Because services often need to perceive changes in node configuration or monitor pushes, the client and the The server needs frequent communication. The early v2 used HTTP1.1 long connection to maintain, and the communication efficiency is still not high.
Since this article focuses on network communication, the upgrade features from v2 to v3 only focus on network communication-related functions, and other storage feature optimizations will be analyzed in the subsequent “underlying storage”, such as v3’s MVCC, snapshots, transactions, etc.
HTTP/1.X VS HTTP/2
Let’s briefly talk about the evolution from HTTP/1.x to HTTP/2:
Number of Connections
Before HTTP/2, HTTP/1 was not efficient, because the same request would block the sending of subsequent network packets while waiting for a response. Most of today’s network problems have changed from bandwidth to latency. Sometimes the benefits of increasing bandwidth (the size of the content sent) are not as good as reducing latency (time-consuming network transfers).

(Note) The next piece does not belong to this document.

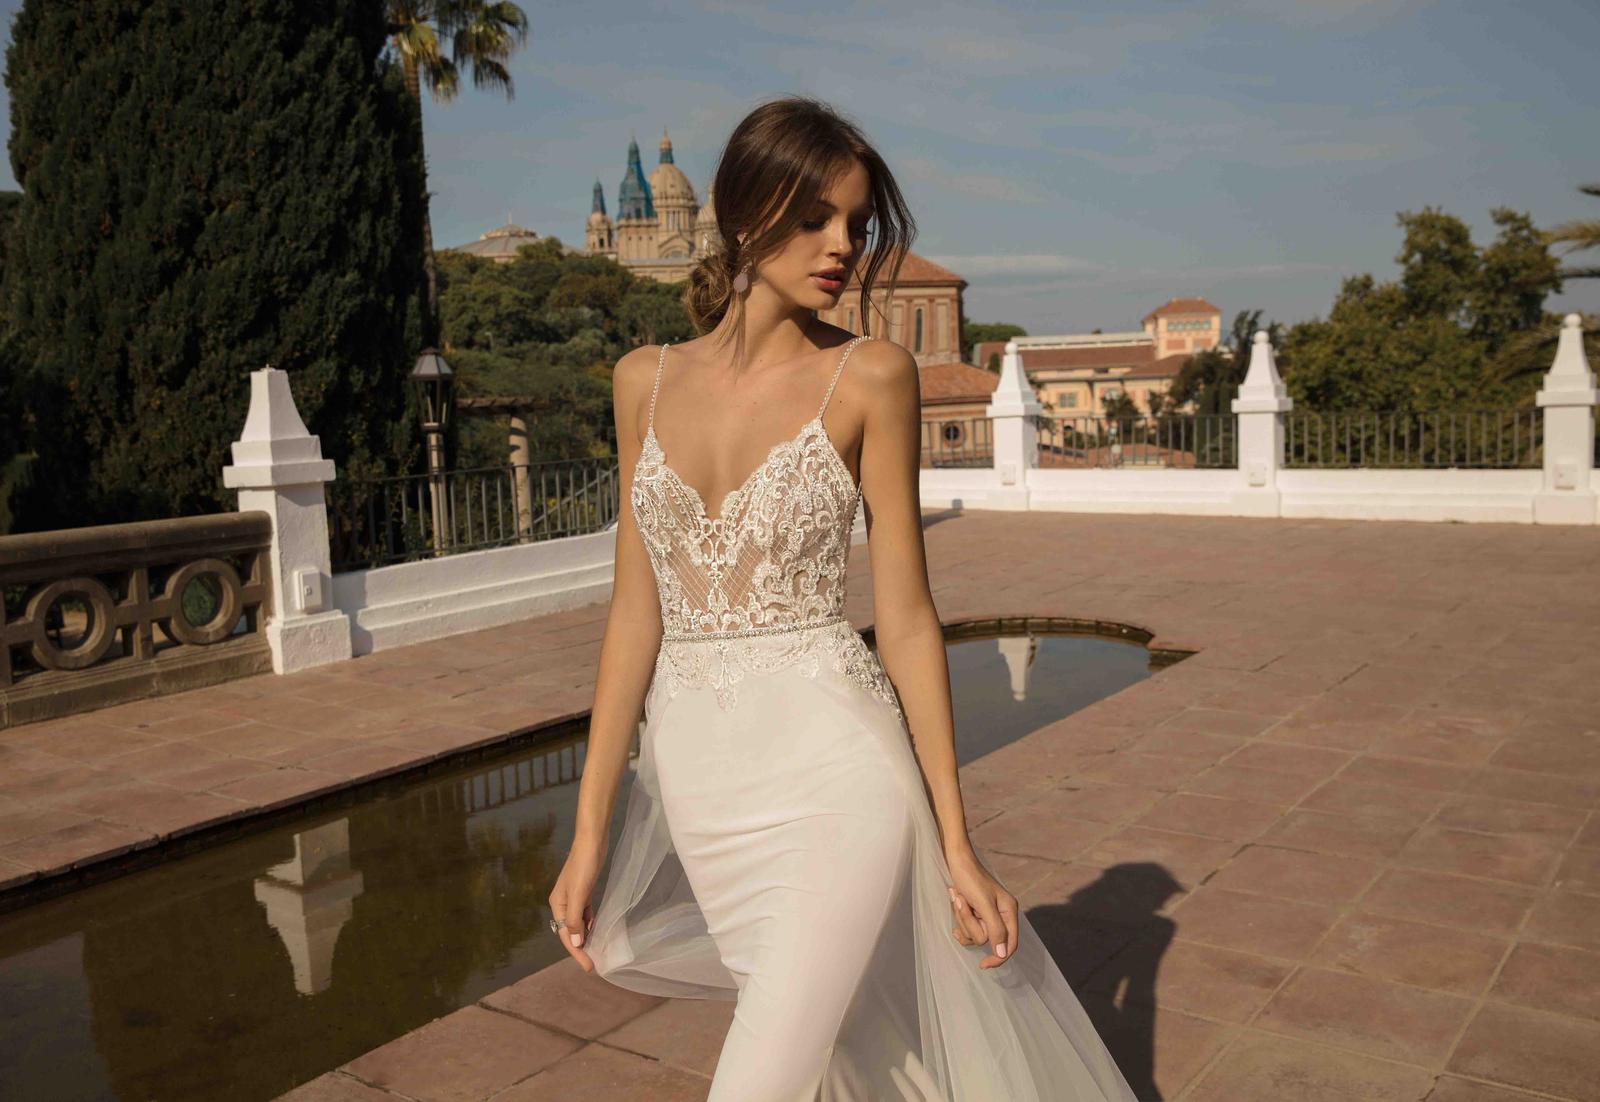 Muse by Berta * Svadobné šaty z kolekcií na rok 2019 - Obrázok č. 5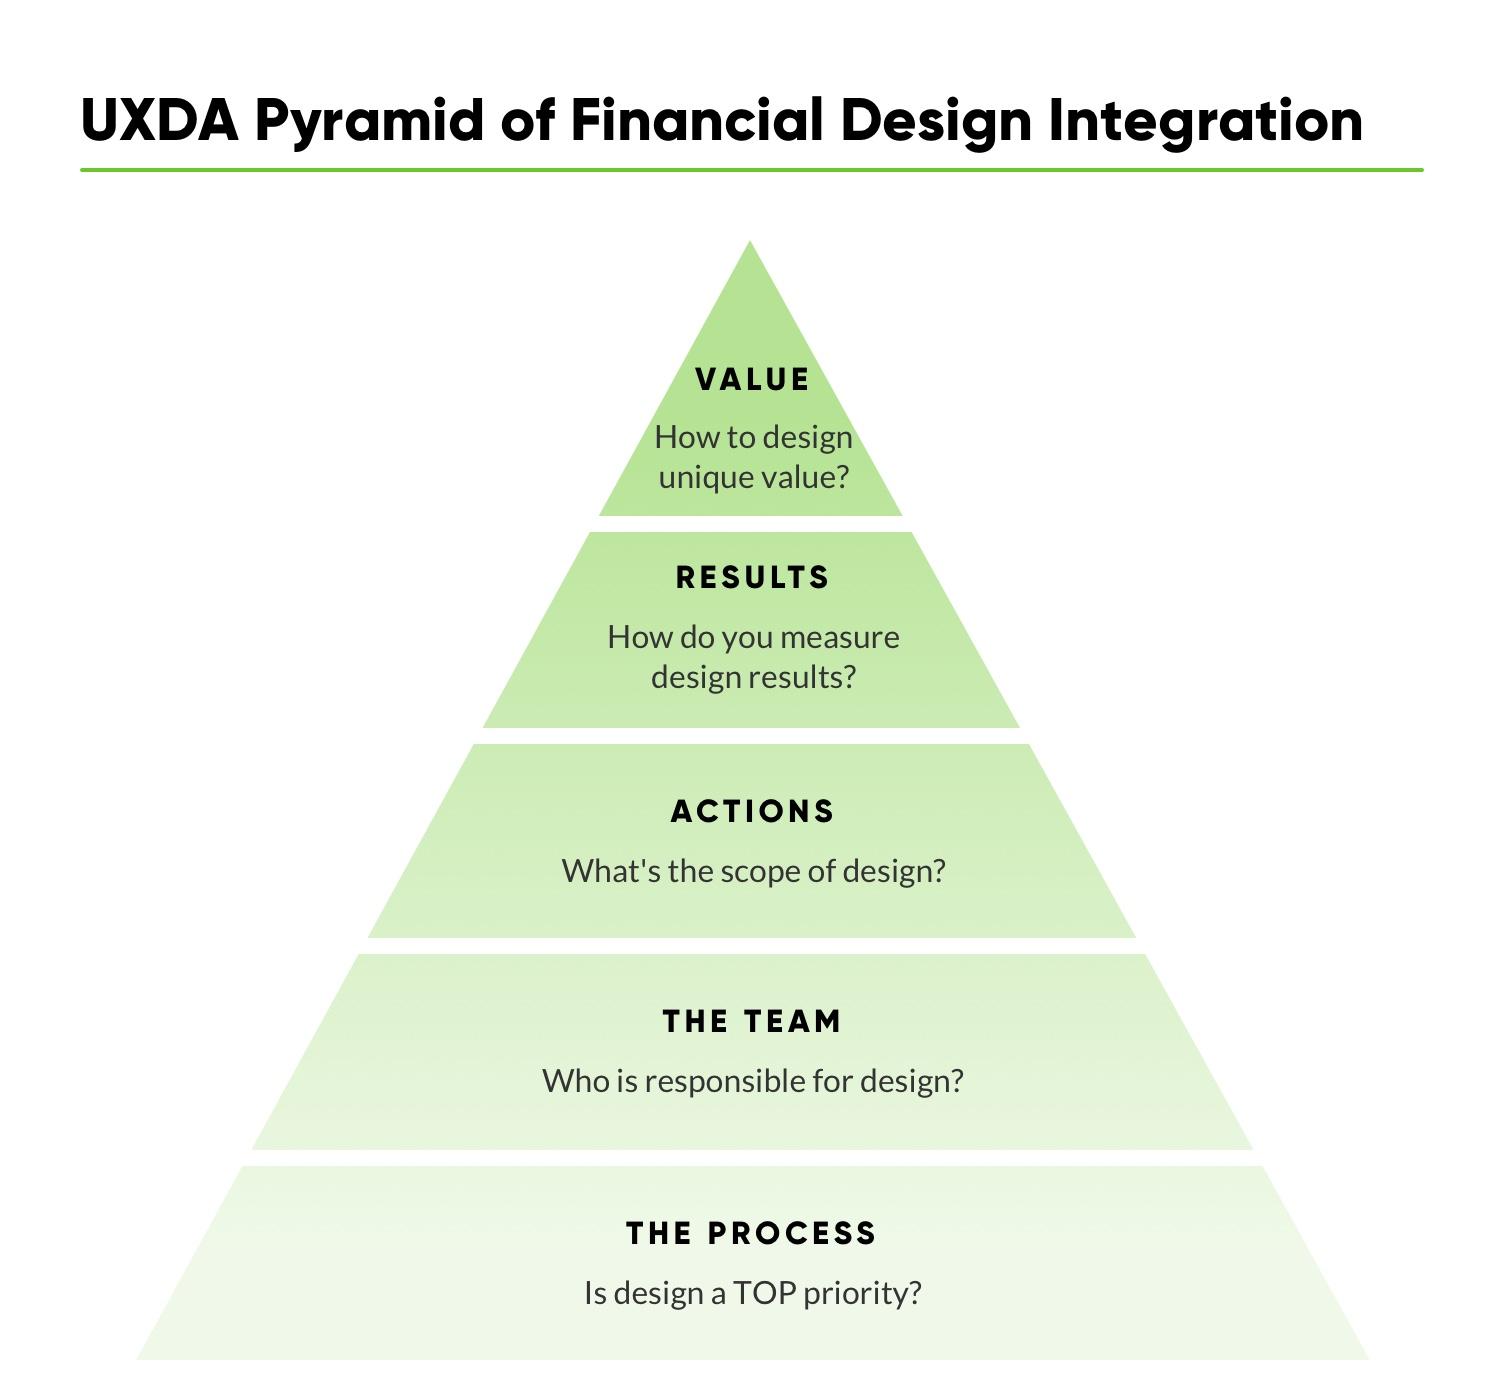 financial-ux-design-methodology-uxda-financial-design-integration-5-S.jpg

In addition, we cannot violently open multiple connections. After all, creating a connection based on the three-way handshake consumes resources. In addition, the blocking problem of a single connection has not been solved. Trying to open multiple connections to optimize is a temporary solution.
Text protocol
HTTP/1 uses a text protocol, its encoding format is friendly to humans, but the transmission is not efficient, and lack of security without HTTPS.
The etcd v3 version introduces the communication method of grpc+protobuf
(based on HTTP/2.0), and its advantages are:
- Using binary compression for transmission, serialization/deserialization is more efficient
- Based on the HTTP2.0 server-side active push feature, the event multiplexing has been optimized
- The
Watch
function uses grpc’s stream flow for perception. The same client and server use a single connection, instead of v2’s HTTP long polling detection, directly reducing the number of connections and memory overhead
Compatibility
In order to be upwardly compatible with the v2 API version, etcd v3 provides a grpc gateway to support the original HTTP JSON interface support.
How it is solved
In the first part of this series, we talked about etcd splitting the functions of each module through layers and implementing them separately to improve code readability and reduce maintenance costs.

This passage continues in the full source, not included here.